На этот раз она не кинулась, как всегда, на кухню, не зашумела: «Ой, девочки, давайте обед собирать скорей! Вот-вот отец с поля придёт, да и мне обратно надо!» — а встала у порога и, прижав высоко к себе свёрнутый кульком фартук, сказала:
— Угадайте, что принесла? — По голосу матери было ясно, что принесла она что-то приятное.
Таня, которая была чуть постарше и чуть пошустрей, ответила сразу:
— Куклу! Наверное, шла с работы мимо магазина и купила куклу.
А маленькая Дашутка сперва подумала, а потом счастливо засмеялась:
— Телёночка!
Тогда мать засмеялась сама:
— Эх вы! Не угадали… Кукол у вас и так уйма, телят в эту пору не бывает, а выпросила я сейчас на ферме у нашей сторожихи Пелагеюшки вот кого…
Она осторожно присела, раскрыла фартук, и оттуда, не сильно цепляясь коготками, выкатился преудивительный котёнок.
Лохматый, ярко-ярко-жёлтый, с розовым оттенком, а всего чудесней у котёнка глаза. Большие, пронзительно-зелёные и при этом немножко сердитые.
Но вот гость опомнился, глаза подобрели, и котёнок мягко проскакал по золотым от солнца половикам в темноту под стол. Он мигом нашёл там пустую катушку и очень деловито покатил её через всю избу к печке, от печки назад к столу, от стола опять к печке.

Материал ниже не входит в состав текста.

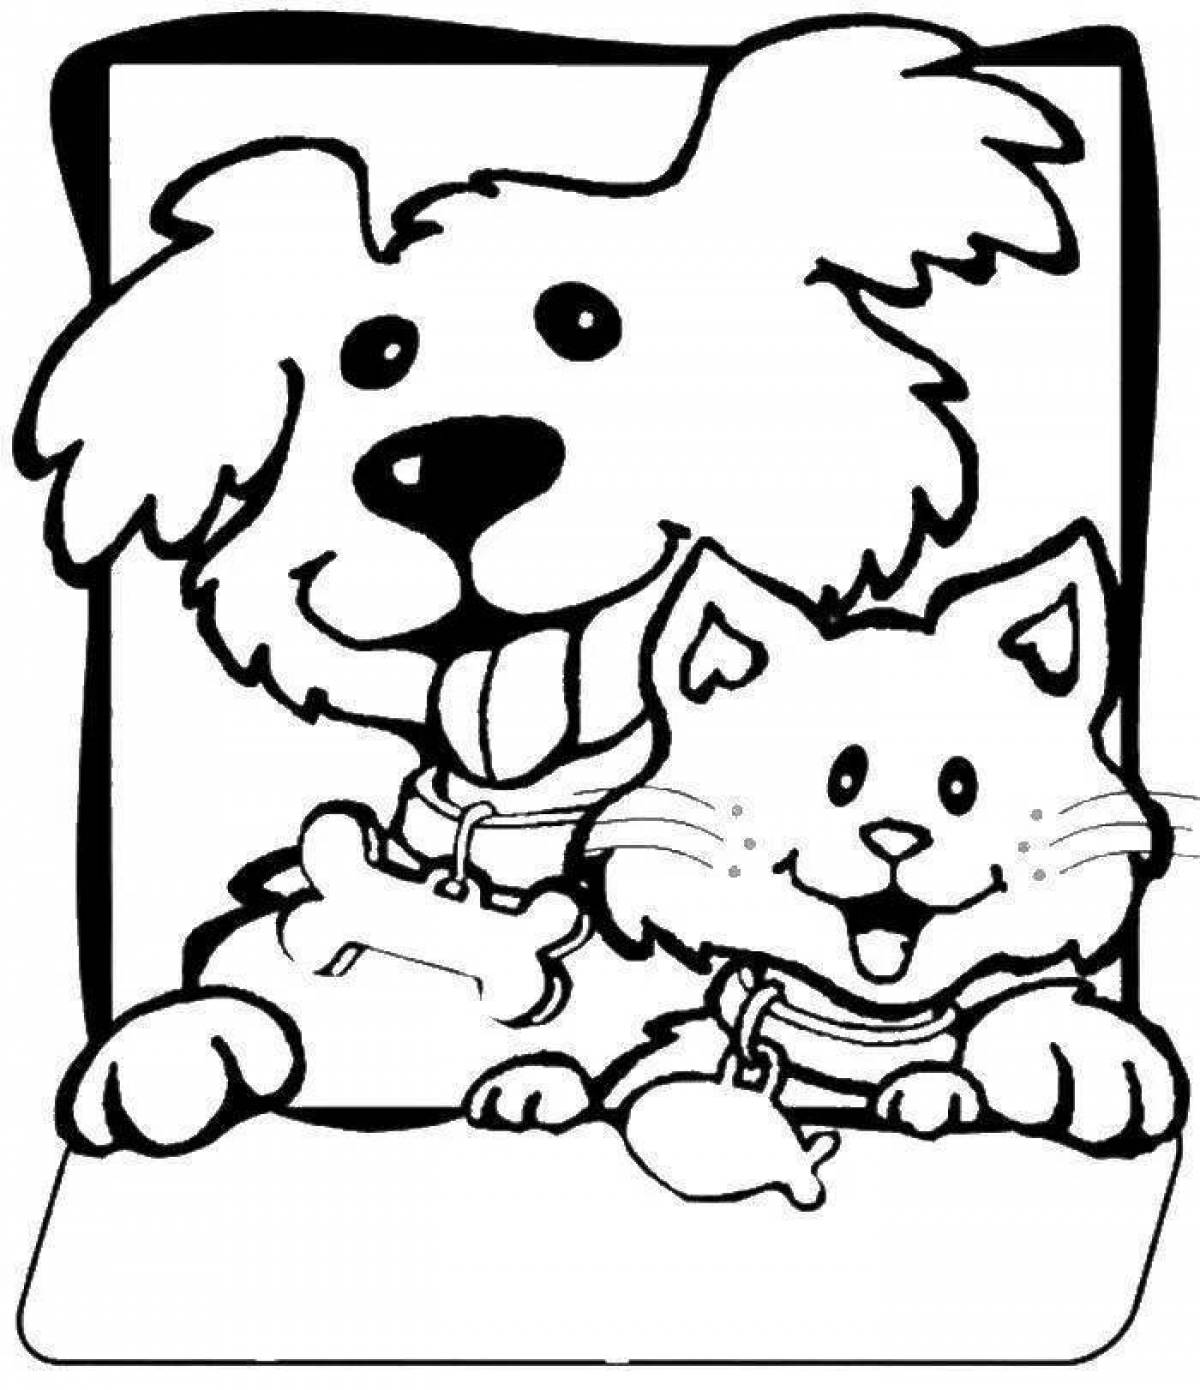 Fun cat and dog coloring book

— Вот каким сразу стал хозяином! Вот какой молодец! — снова засмеялась мать.
А девочки так и запрыгали:
— Молодец! Молодец! Только как его зовут?
— Придумывайте… — развела руками мать и побежала теперь на кухню собирать обед.
Имя котёнку придумывали всем семейством.
Даже когда примчался на мотоцикле с поля отец, и когда он, наспех ополоснув руки, сел к столу, придвинул к себе полную тарелку и так принялся работать ложкой, будто ему не на комбайн свой возвращаться надо, а на пожар лететь, — даже и тогда за столом речь шла всё о том же котёнке.
— Давайте котёнка по масти назовём — Палешок. Палевый, значит, — сказала мать, подливая отцу ещё поварёшку щей, придвигая тарелки и к девочкам, чтобы ели, не забывали. — Палешок имя красивое, ласковое…
— Красивое, да всё равно какое-то не очень понятное, — возразила Таня. — Назовём лучше Мурлыкин. Вон он на солнышке, на подоконнике угрелся, калачиком свернулся и, совсем как издали папкин мотоцикл, намурлыкивает.
— Мурлыкин — не имя! Мурлыкин — фамилия, — заспорила Дашутка, хотя сама ничего лучшего пока ещё не придумала.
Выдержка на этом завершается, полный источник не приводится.